In seinem Buch „Search inside yourself“ beschreibt der Google Manager Chade-Meng Tan die Prinzipien und Ansätze des erfolgreichsten Mitarbeiterentwicklungsprogramms bei Google. Im Kern besteht dieses Trainingsprogramm aus den Konzepten von Achtsamkeitstraining, Selbsterkenntnis und dem Training der geistigen Gewohnheiten, zur Stärkung der Emotionalen Intelligenz. Im Search Inside Yourself Leadership Institute bietet Chade-Meng Tan mit seinem Team diese Erfahrungen auch außerhalb von Google an.
Als weiteres Beispiel, bietet SAP seit 2012 achtsamkeitsbasierte Trainings, nach dem Vorbild von Googles Search Inside Yourself Programm sowie eine Vielzahl von Angeboten zum regelmäßigen Praktizieren unter dem Programm „Global Mindfulness Practice“ [2], an.
Diese Firmen haben für sich erkannt, dass ein achtsamer, zufriedener und kreativer Mitarbeiter schließlich auch erfolgreicher ist.
Fazit
Achtsamkeit ist kein spiritueller Trend. Es geht um die bewusste Wahrnehmung des eigenen Denkens, Fühlens und Handelns, um auch in Stresssituationen bewusst handeln zu können. Wer sich regelmäßig in Achtsamkeit übt, wird zufriedener, kreativer und entdeckt in sich den begeisterten und erfolgreichen Menschen, der schon immer in ihm schlummerte.

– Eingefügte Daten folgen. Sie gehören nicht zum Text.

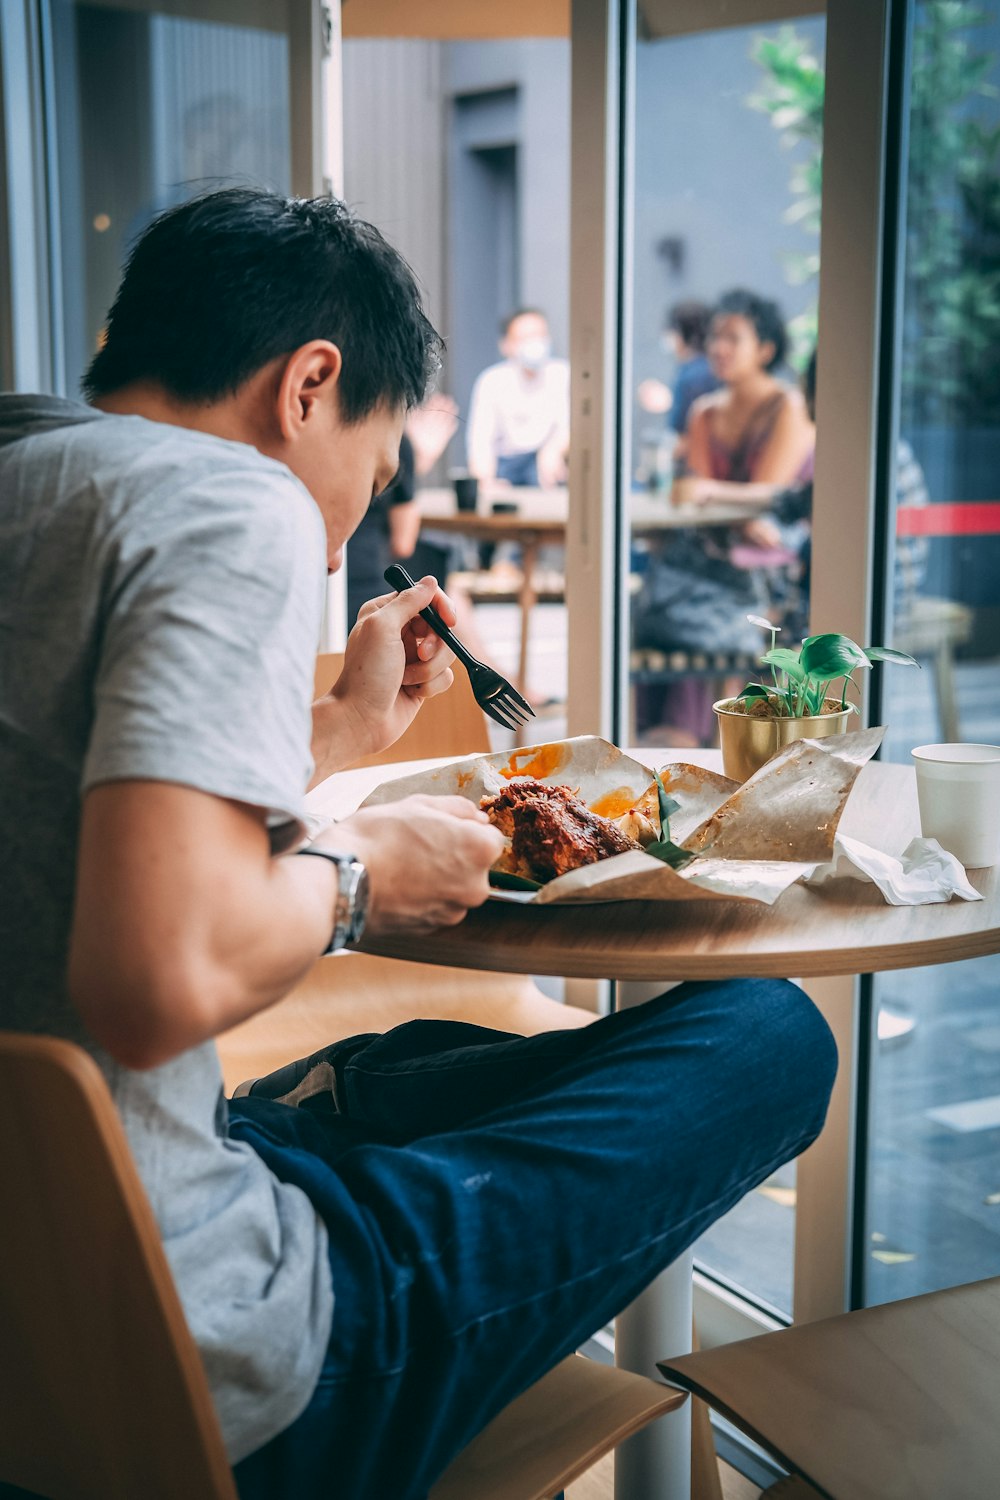 회색 티셔츠를 입은 남자가 식사하는 동안 의자에 앉아 있다

Bereits 2 Minuten Achtsamkeit am Tag können dein Leben verändern!
[1] Chade-Meng Tan, Search Inside Yourself: Optimiere dein Leben durch Achtsamkeit, Goldmann Verlag, S. 53
[2] Torsten Falk: „Achtsamkeitstraining: Klar im Kopf“, unter: http://news.sap.com/germany/klar-im-kopf/
One response
Danke Oliver für diesen Beitrag! Deine Gedanken zum Thema Stress und ignorierten Gefühlen treffen den Nagel auf den Kopf.